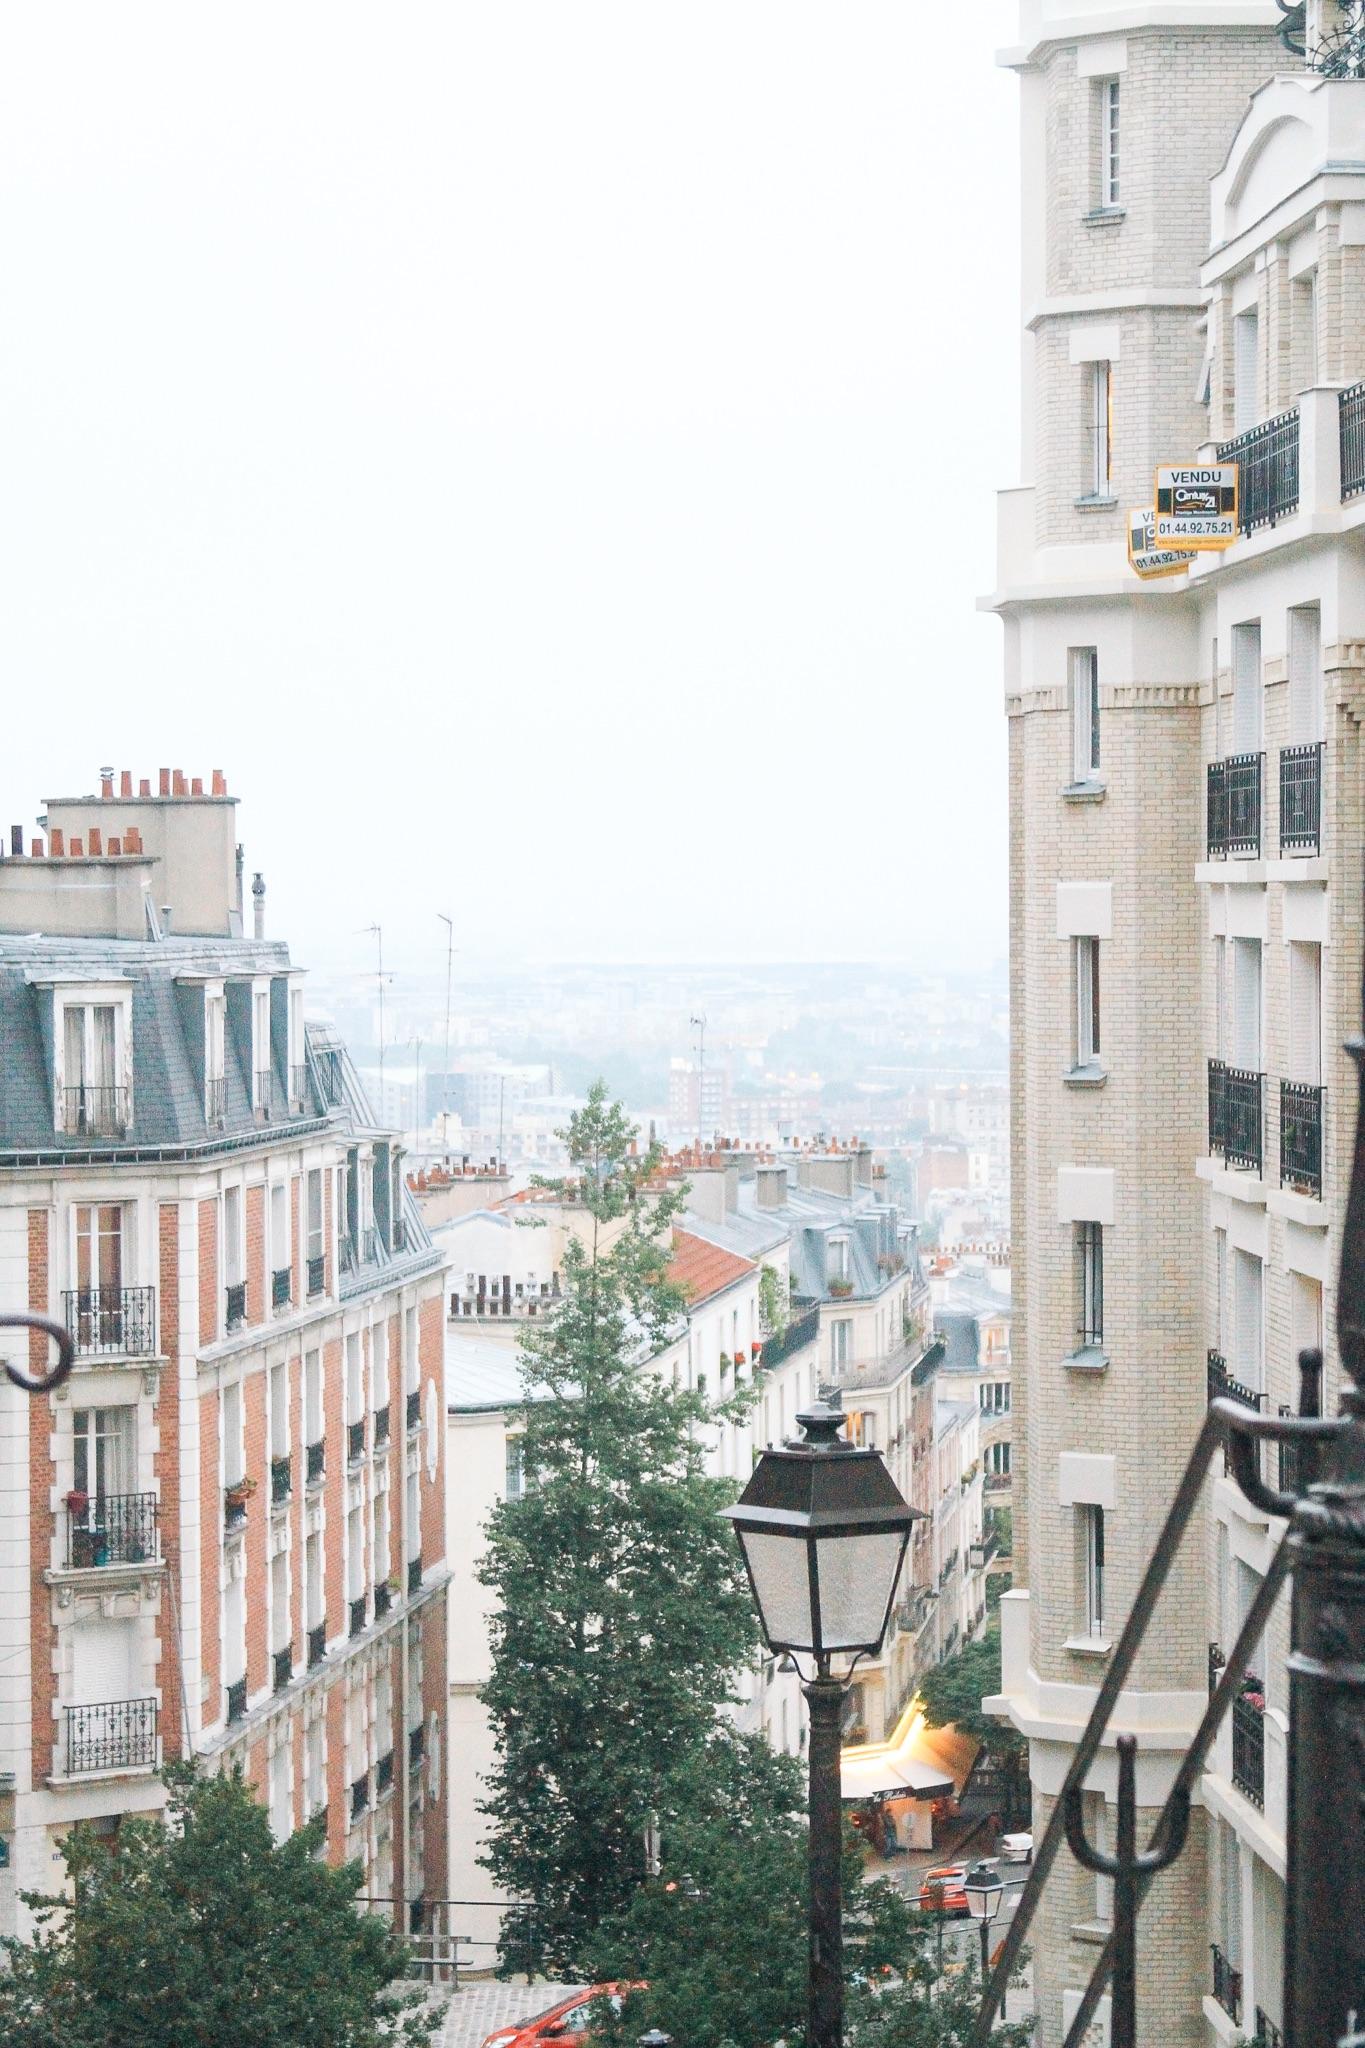 Paris-Walking-Guide-MonicaFrancis-2.jpeg
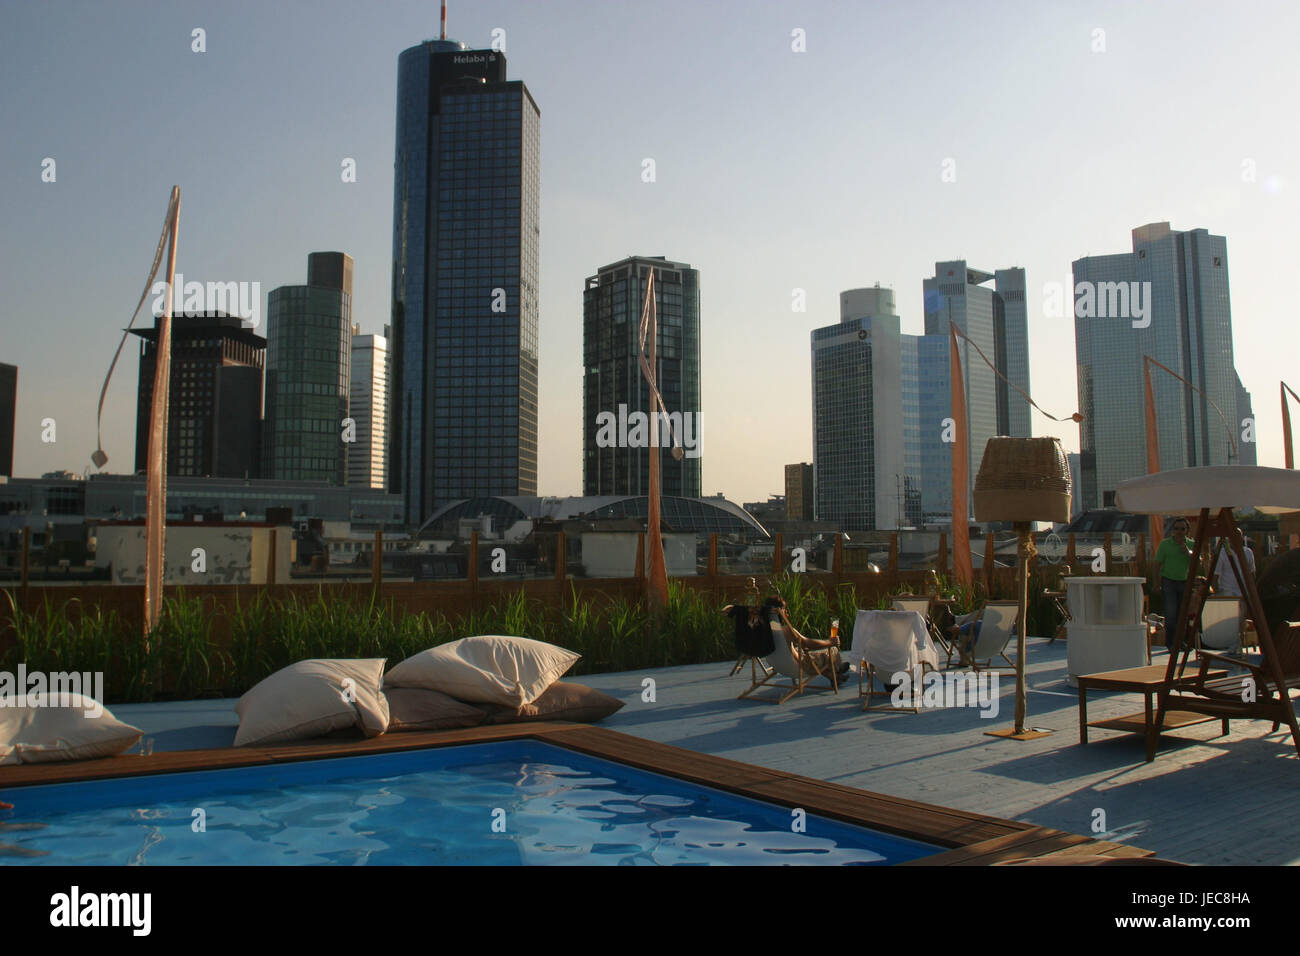 Germany, Hessen, Frankfurt on the Main, roof terrace, skyline, stage bar, bank fourth, Main metropolis, bar, sunshades, - Stock Image
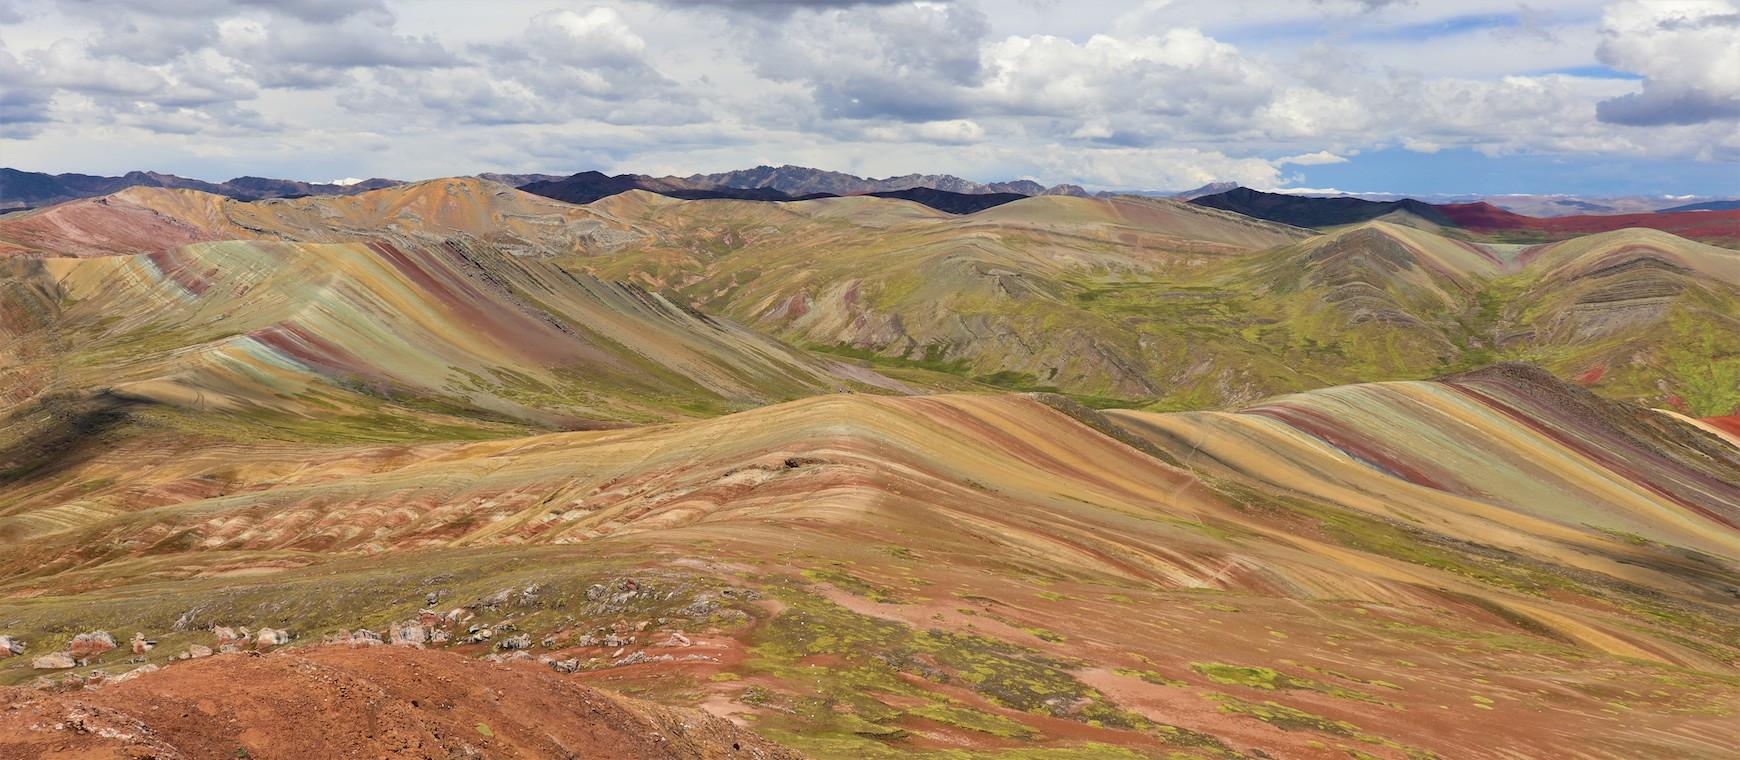 Palcoyo, l'autre cordillère arc-en-ciel de Cusco!
--------
**ASSIGNED TASK:** Your answer must be an exact copy of the lines from the line with "Germany, Hessen, Frankfurt" to the final line of the data, both ends included, and no pictures.

**RESPONSE AREA:**
 Germany, Hessen, Frankfurt on the Main, roof terrace, skyline, stage bar, bank fourth, Main metropolis, bar, sunshades, - Stock Image
 Palcoyo, l'autre cordillère arc-en-ciel de Cusco!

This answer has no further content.